Cytokine and nitric oxide determination in co-culture supernatants
Supernatants recovered from co-cultures were assayed for mouse IFN-γ and nitric oxide. Mouse IFN-γ was quantitated using a sandwich enzyme linked immunosorbent assay, according to the manufacturer’s instructions (BD Pharmingen, San Jose, CA, USA). Cytokine concentrations were determined by comparing unknown values to a standard curve of recombinant mouse IFN-γ protein (BD Biosciences) at known values. The limit of detection for IFN-γ was estimated as 90 pg/mL. Nitric oxide levels were measured using the Griess reaction and quantified by comparison to serially diluted NaNO2 as a standard. The limit of detection for NO was estimated as 0.5 µM.
Statistical analyses
The significance of differences between the indicated samples was assessed using GraphPad Prism, applying a two-tailed Student’s t-test as described in the figure legends, with a P-value of <0.05 considered significant.
ACKNOWLEDGMENTS
We are grateful to our colleagues Mustafa Akkoyunlu, Roberto De Pascalis, and Sherry Kurtz for thoughtful and helpful reviews of the manuscript.
Contributor Information
Karen L. Elkins, Email: karen.elkins@fda.hhs.gov.

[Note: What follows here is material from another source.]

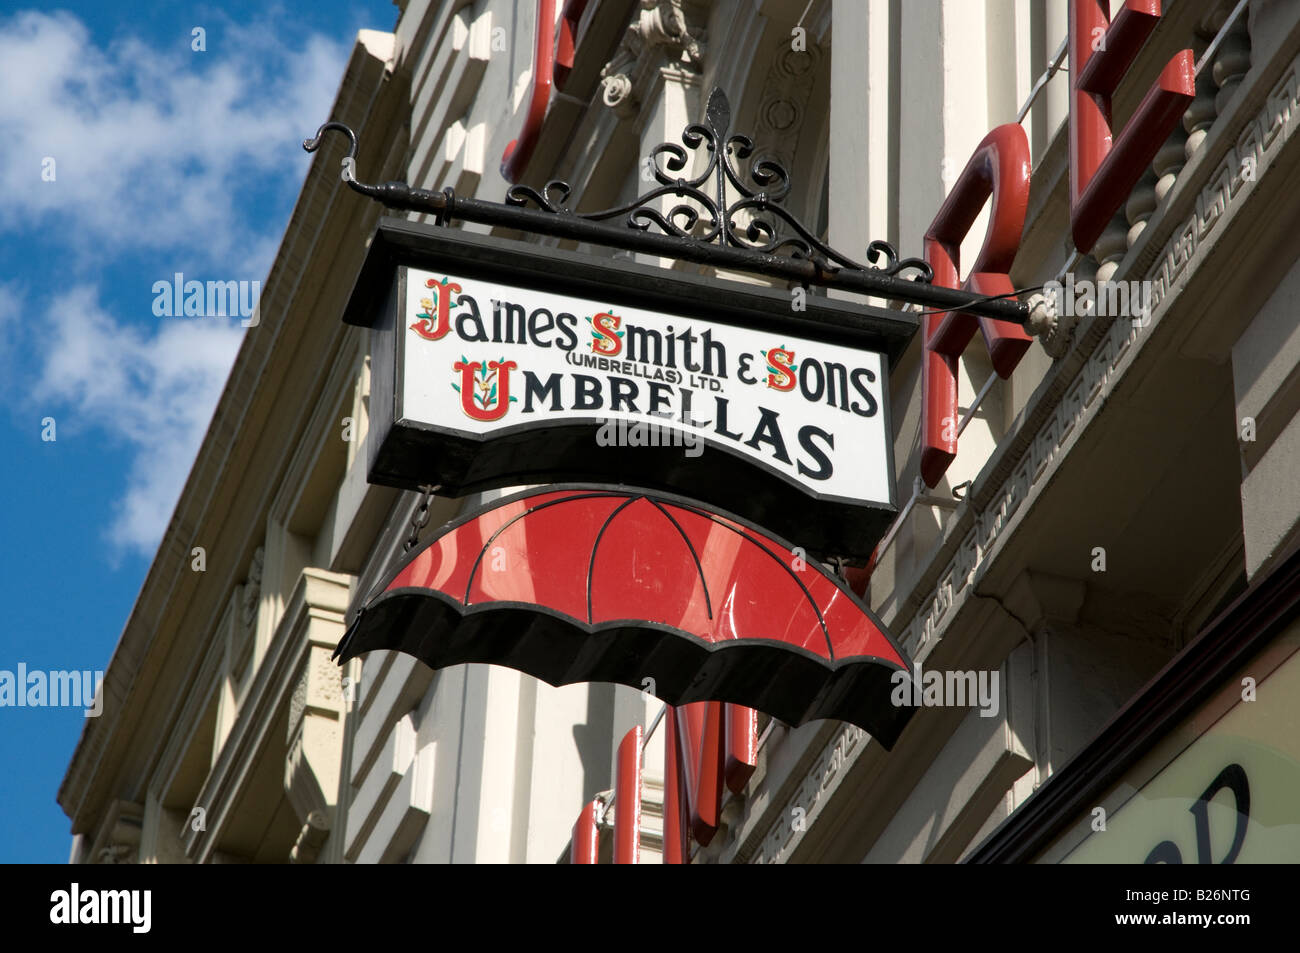 James Smith and Sons Umbrellas, London England UK Stock Photo
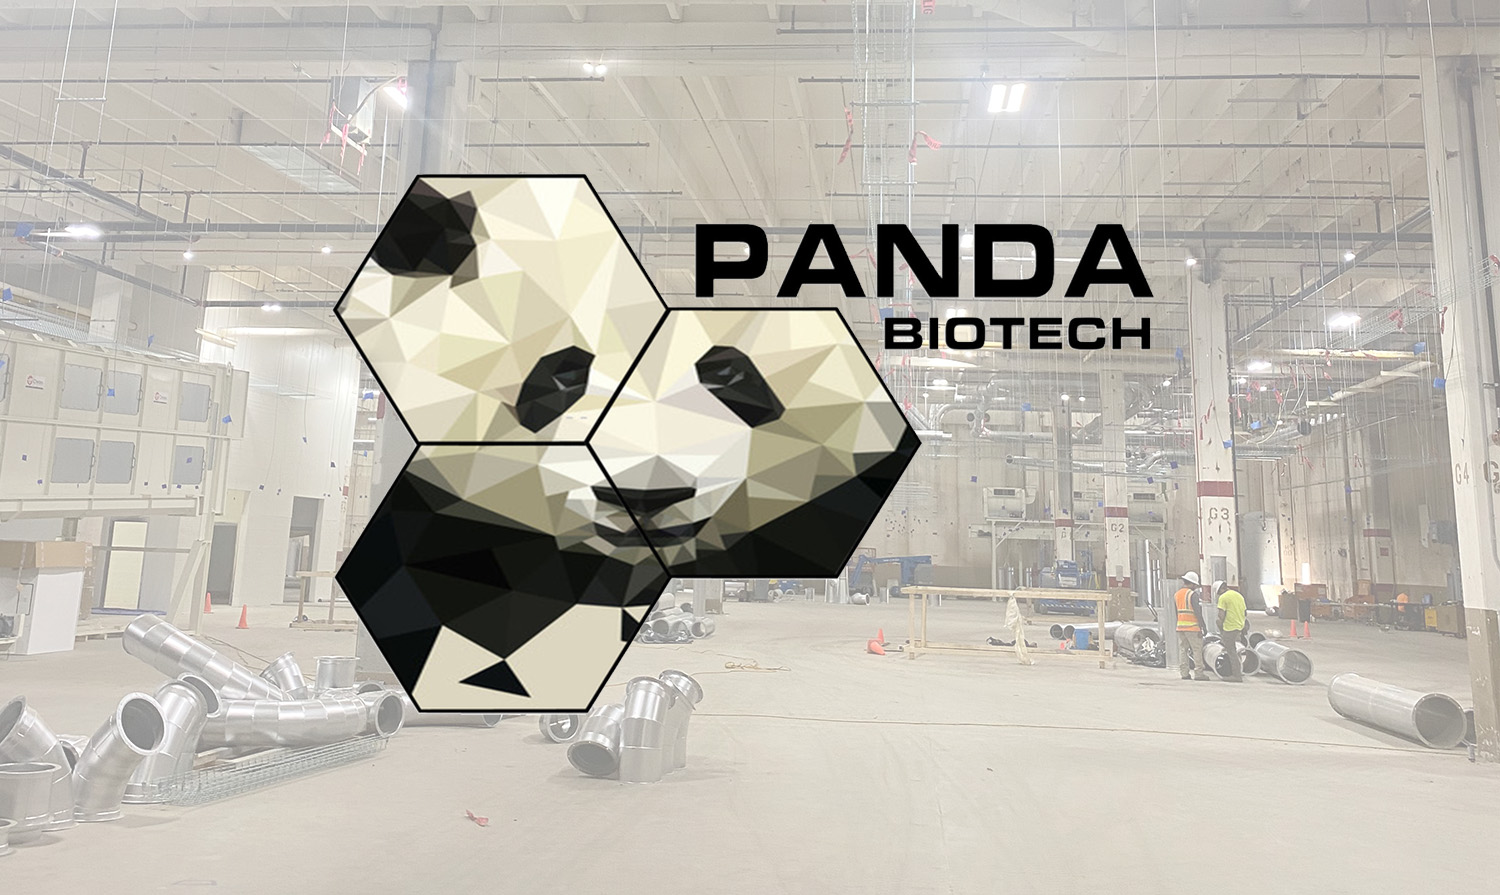 Panda biotech website

Jose Martinez-Navio, University of Miami, Miami, Florida, USA.
ETHICS APPROVAL
All experiments were performed under protocols approved by the Animal Care and Use Committee (ACUC) of CBER/FDA (Animal Study Protocol #1993-03). These protocols meet the standards for humane animal care and use set by the Guide for the Care and Use of Laboratory Animals and PHS policy.